So today was the big day – Bandages off and pathology report.
My drains were taken out last Monday, which is just as well really cos i kept catching them on baby gates and my feet and god knows what else. I’m far too clumsy to have great big tubes hanging from both sides.
My best friend came with me, She is an Intensive Care Nurse and has a end of life specialization (I know optimistic aren’t i!) but I figure if anything I don’t understand she will be able to explain, and she tells it to me straight.

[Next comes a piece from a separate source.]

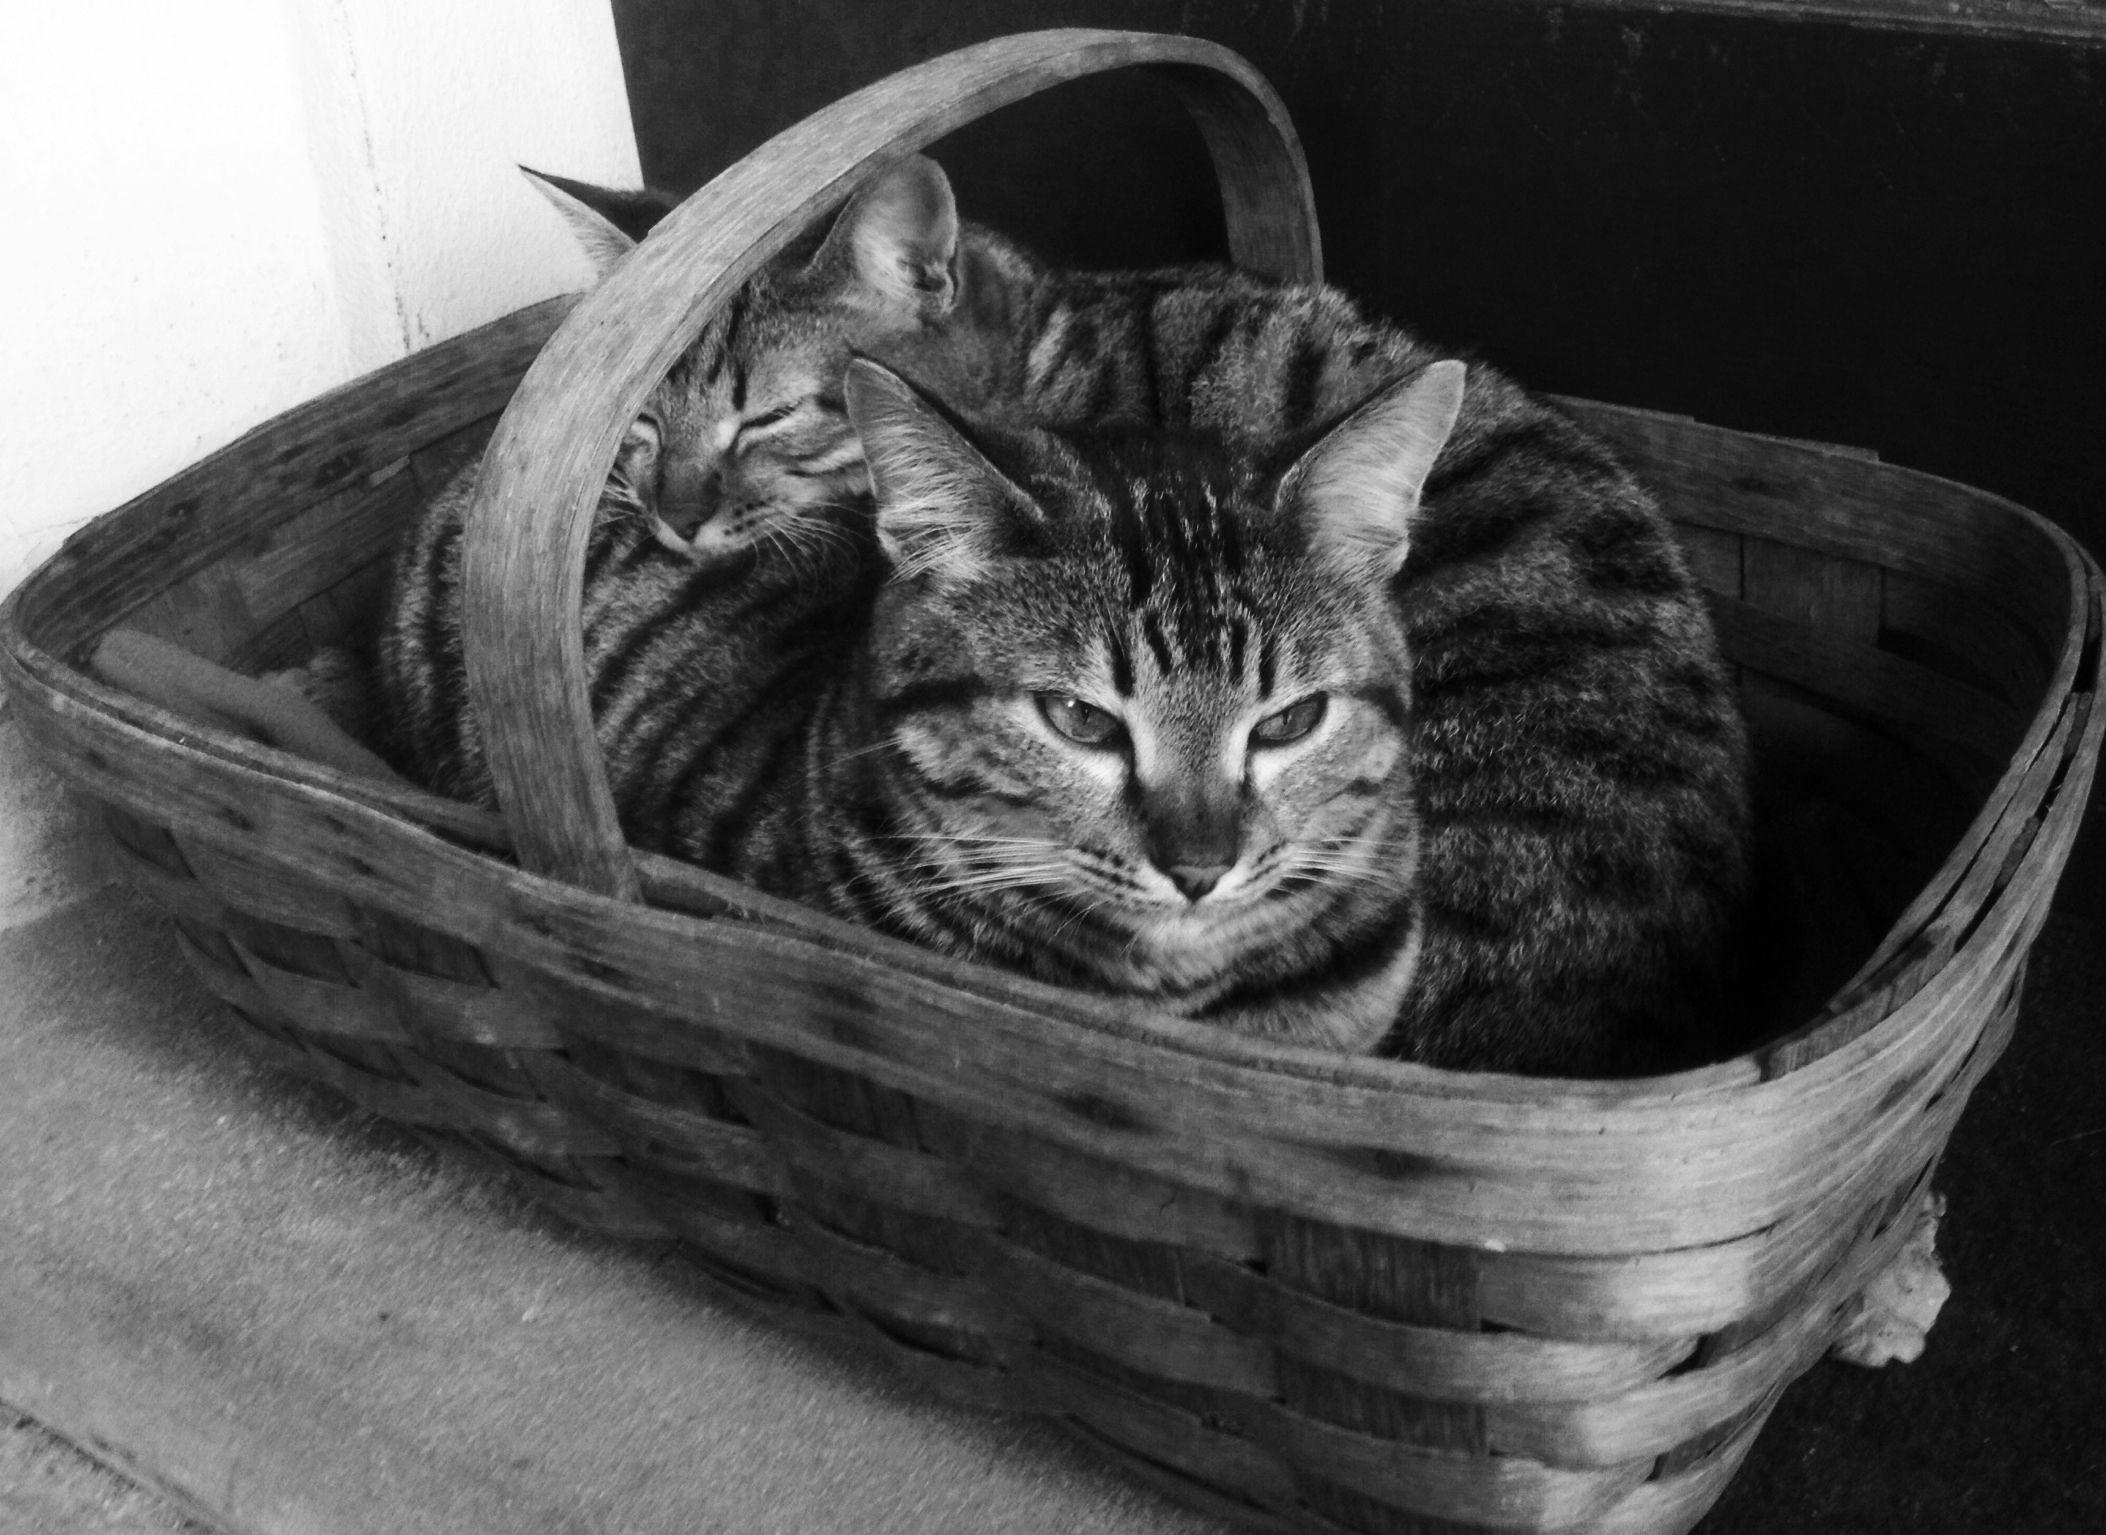 B/N Cats takeaway

First things first was the bandages coming off. The surgeon was pretty pleased with the healing, and its all quite low and smooth so no worries there. I had the obligatory cry in the van on the way to the appointment so I wasn’t too upset during the appointment. It was weird to see the scars. Morbid fascination I suppose. I kept looking into the mirror but the breast nurse in there kept asking if there was an issue – which made me conscious of looking more. I thought Emma was going to say something to her about her manner at one point!

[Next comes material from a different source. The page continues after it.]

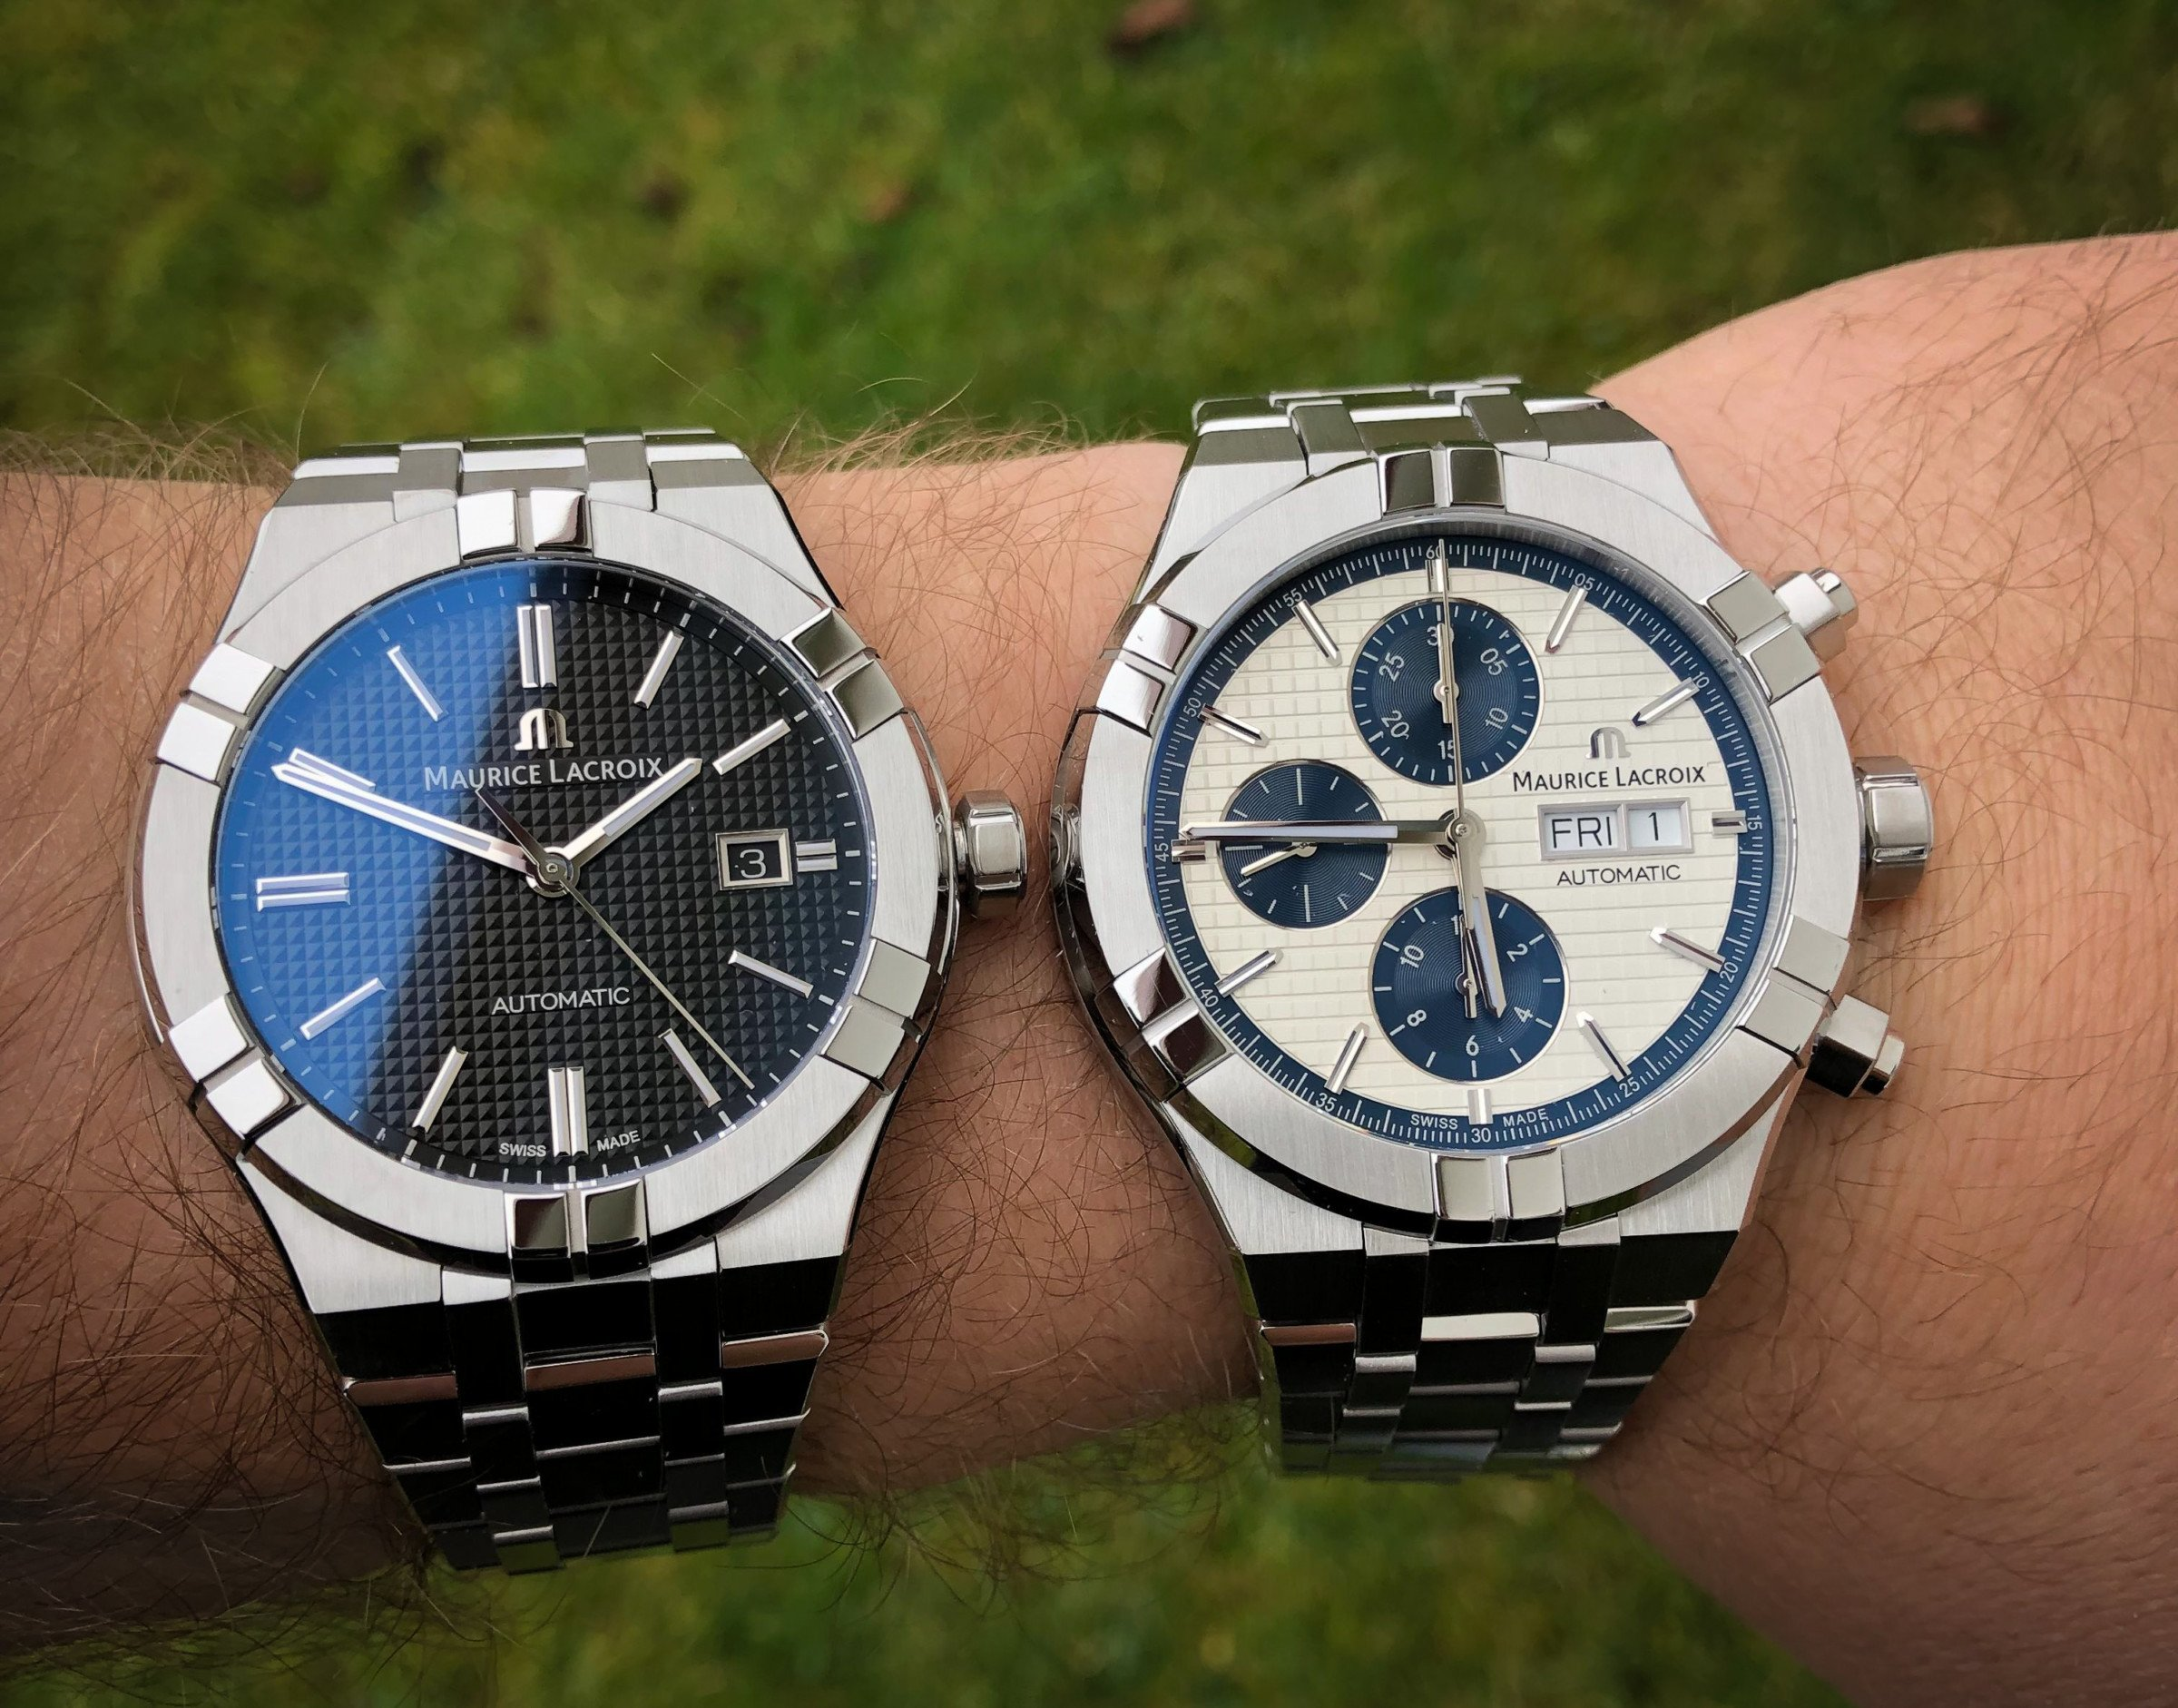 Maurice Lacroix Aikon Chronograph vs. Dreizeiger Test

Next came the pathology report…. deep breath… well it wasn’t as great as I hoped. Now basically this appointment means you go in, they tell you what the lab found – tell you Congratulations there is no sign of cancer, and off you go on your merry way, mentally marking every day off on a 5 year calendar waiting for your remission date…except well they didnt.
The underarm tumour was 8cm at removal, the primary breast tumor was 2mm… yes.. the same size at removal as it was at diagnosis the chemo had not affected it. Both were Grade 3 Stage 3 Invasive Ductual Carcinoma. 21 Lymph nodes removed – with all 21 showing signs of cancer scarring or active cancer. There was also evidence of cancer in my lymphatic and blood stream, then came the most worrying bit. There had also been a breach on my chest wall. So basically I have had 6 cycles of chemo, lymph nodes removed along with both breasts… and the cancer was still there.. well that sucks! Not sure how I feel about this.. it might take a few days of processing.
Whilst I was trying to work out how I felt they decided that my chest area shouldn’t wibble wobble like a hot water bottle and that I needed some post op fluid draining. The nurse went off to do that whilst Emma and I did some more looking in the mirror.
Now Emma and I have found the Humour in my cancer right from the start, she was the first person I told (straight from the hospital – she got the manic panicky snotty Tracie… we had lots of tea and biscuits!) From Emma calling me a tit, then going ooh I cant do that, to likening me to Mrs Potato Head, its all helped to make everything a little more bearable. But today she outdid herself, it was an appointment that I’m sure the breast nurse will never forget and we were in tears of laughter
So we were discussing randomly about how a couple people Emma knew has since been diagnosed with cancers etc and how it had become more heard about. So I ask if she thought its because it IS more “common”, or there is better diagnostics? Emma’s response was that maybe its just more talked about now… and then came the fatal words
” Well yeah its just more heard about isnt it like lots of things that werent ever talked about before.. when you think about it”…. and at this point Emma doesnt hear the breast nurse open the door and enter the room so finishes with “cancer is just like Incest”
The nurse draws back the curtain with the biggest look of WTF on her face, and thats it Emma and I are gone… tears rolling down my face and I can barely even speak. The nurse remains stoney faced.. which of course sets us off even more.. She jabs me with a huge needle, drains 150ml of fluid and is gone
I get dressed and its time to go, head is buzzing. We get outside and I say “its not great is it” no she admits, it could be better.
Think this might take a fair bit of thinking through and accepting.